Deep Calls To Deep Mixed Media Collage by Crystal Neubauer
Just a few minutes late, I made my way to the back of the crowded room where I could observe the guest speaker without being noticed. I still wasn't sure what I was doing here, what brought me back to this small church meeting in a basement room each Sunday morning. It was a difficult time in my life and I needed more then the disconnect I had been feeling in my regular church home. It wasn't them, it was me. I felt God challenging me to know Him in a deeper way, but this place was outside of my comfort zone, and this morning in particular, filled with people, standing and sitting, who had come to see Todd White speak, it was even more so then usual. My day had started with an earnest private pleading with God to still the waters of my life and bring me peace. Bring me peace God. Please. Please. Please God. I was feeling fragile and I didn't want to be seen.
As I squeezed silently against the back wall, Todd, who had been facing the other side of the room, suddenly stopped mid-sentence and looked directly at me saying in a voice that carried above the crowd "God wants you to know you are entering into a season of peace"! Tears sprang to my eyes and before I could stop it my own small voice gasped "I prayed for that this morning!" There were appropriate praise murmurings all around, but they faded to a buzz as I stood amazed at the timing of this prophecy.
That afternoon a tree lost its limb smashing the rear window of my car in the driveway.
Today I am settling into a new home with only a few of my own belongings around. I can't help thinking this must be what it's like for families who have lost their homes to a fire. In some ways, I think, a fire might have been easier to sort it all out- the good from the bad- damaged belongings verses salvageable goods, and according to our insurance company would have meant our losses were covered.
Just over two months ago we moved to another home that my husband had agreed to renovate in exchange for lower rent. It was to be a time of sacrifice in which, if all went according to plan, we could begin to pay off debt and save our money to finally purchase our own home. But the house needed much more then the cosmetic work my husband had agreed to, a terrible musty odor permeated the air and no amount of cleaning could remove it.
By the time we realized how serious the problem was I was losing my hair, dealing with inexplicable dizzy spells while sitting in bed, and worsening skin and airborne allergy symptoms. Our precious kitty woke ill one day and continued to grow worse - the vet said her kidneys had shut down the day we had to put her to sleep- a result of the toxicity of the black mold spores unseen in the air.
In a sense it was an invisible fire. Thankfully many of our possessions –including my entire studio -were still in boxes stored in the garage, safe from the toxic air, but we had to throw away beds, dressers, rugs and other items which were at highest risk. Everything else went into storage, where we will slowly begin to decide one box, one item at a time, what we can attempt to clean and what else has to be thrown away.

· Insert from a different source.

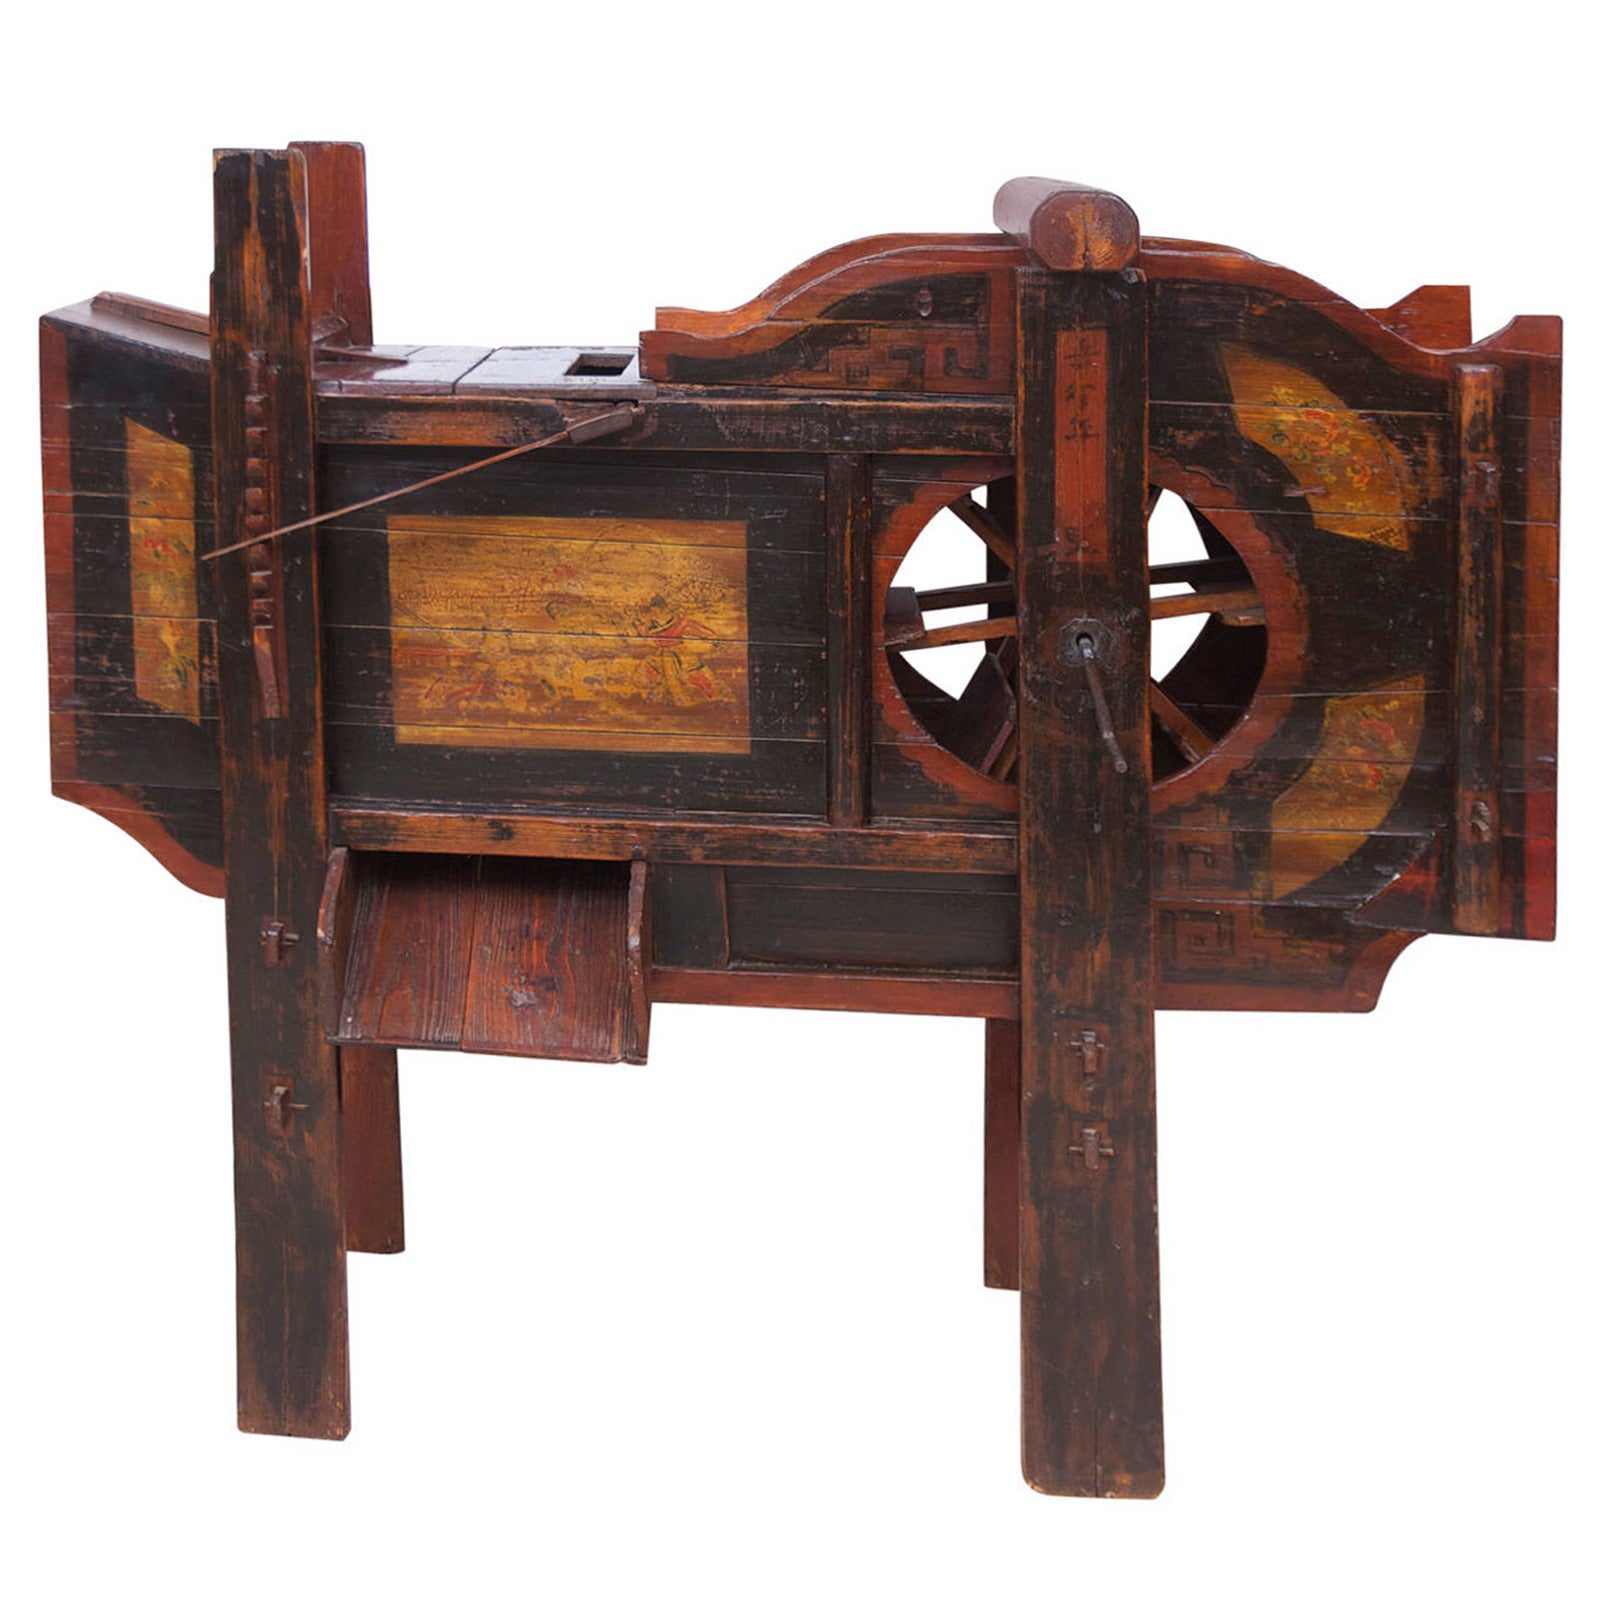 A rare and beautiful Chinese wind-winnowing machine for separating grain from chaff. This particular machine was used for rice. Made of wood with painted decorations in black, ochre and red, which include floral motif and scenes of Chinese life,

A very wise counselor answered my fears one night in alarm as I lamented over what to do, not having any money or place to go, but knowing the situation was serious "Honey you just get in the car and GO! God will meet you there!" And there I was again; back three years ago in that season of begging God for peace to calm the waters that were threatening to flood my life. Without resources and with no permanent place to go - could I really trust Him to meet me in this?
Stepping back to the big picture, there is an array of core lies that God has been weeding out of my belief system for several years now- indeed through each one of these stormy seasons there have been blessings and breakthroughs- but still I wrestled with the big one. Will God really meet me in this?
Can I really trust God?
A lifetime of fears was at stake and God had lovingly hemmed me in. Bring me peace God. Please. Please. Please God. And that is exactly what He did. As I got into my car and drove away He was there to meet me. From the well timed large sale from my website the first day, to winding up renting a home fully furnished and stocked – a story I might share in more detail another day – God was meeting me in my need every step of the way and showing me just how much I could let go of control and trust Him.
It turns out the prophecy spoken to me three years ago was correct, I really was entering a season of peace – but as long as I had my eyes on the storms around me I was missing it.
Peace, you see, had nothing to do with my circumstances and everything to do with trusting a loving God.
Matthew 6:19 “Don’t store up treasures here on earth, where moths eat them and rust destroys them, and where thieves break in and steal. 20 Store your treasures in heaven, where moths and rust cannot destroy, and thieves do not break in and steal.